How to add a wildcard SSL/TLS certificate for your K3s cluster

Date: 2023-01-27

Here's a short tutorial that I felt could be useful for some people, but didn't get around to actually writing previously. Suppose that you have a project that uses Kubernetes and you'd like to secure the network traffic for the services that you expose through your ingress to your users:

diagram

So essentially what you'd like to do is make it so that any of your services can securely communicate to your users, in this particular case by using a wildcard SSL/TLS certificate, like *.myapp.com. The difference from many other tutorials here is that we are NOT going to be using the ACME approach with the likes of Let's Encrypt, but rather our own manually provisioned certificate. Personally, I think that Let's Encrypt is great, but in some enterprise settings you'll instead have commercially bought certificates without such ACME automation behind them.

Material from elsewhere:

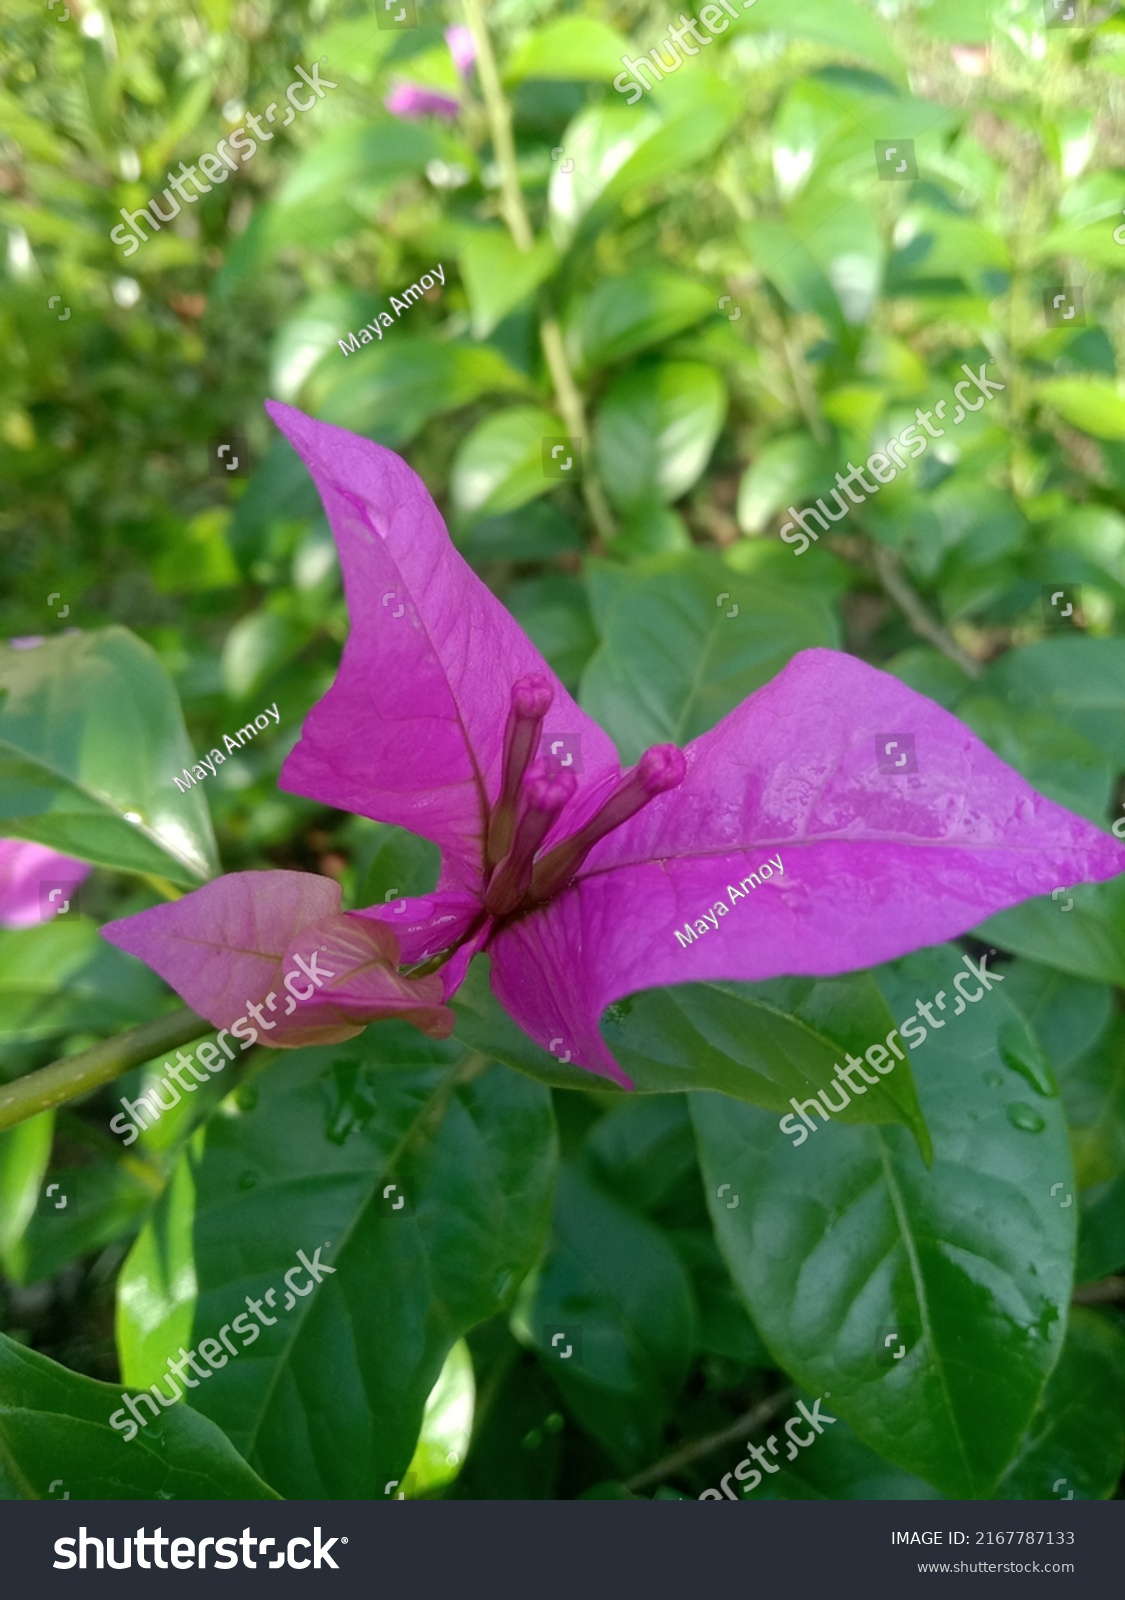 one type of local purple bougainvillea,
which has the nickname paper flower because the petals are very thin and look like paper #2167787133

But first, a few words about when and why someone might choose K3s in particular.

K3s

In this case, you're not running just any Kubernetes distro out there, suppose that you have a Kubernetes cluster that uses the excellent K3s distribution.

It's certified and therefore will work with many of your workloads with few surprises, but at the same time is wonderfully lightweight and portable across different OSes. I actually benchmarked it against Docker Swarm as a part of my Master's Degree thesis back in the day, and the resource usage was pretty close, which was impressive, considering that most Kubernetes distros are considered pretty wasteful in comparison:

orchestrator comparison

If memory doesn't fail me, the nodes had 4 GB of memory each and 1 CPU, a full RKE deployment wouldn't even run on the nodes, whereas projects like K3s made it viable to use Kubernetes, in theory even on devices like Raspberry Pi, if anyone were to be so inclined.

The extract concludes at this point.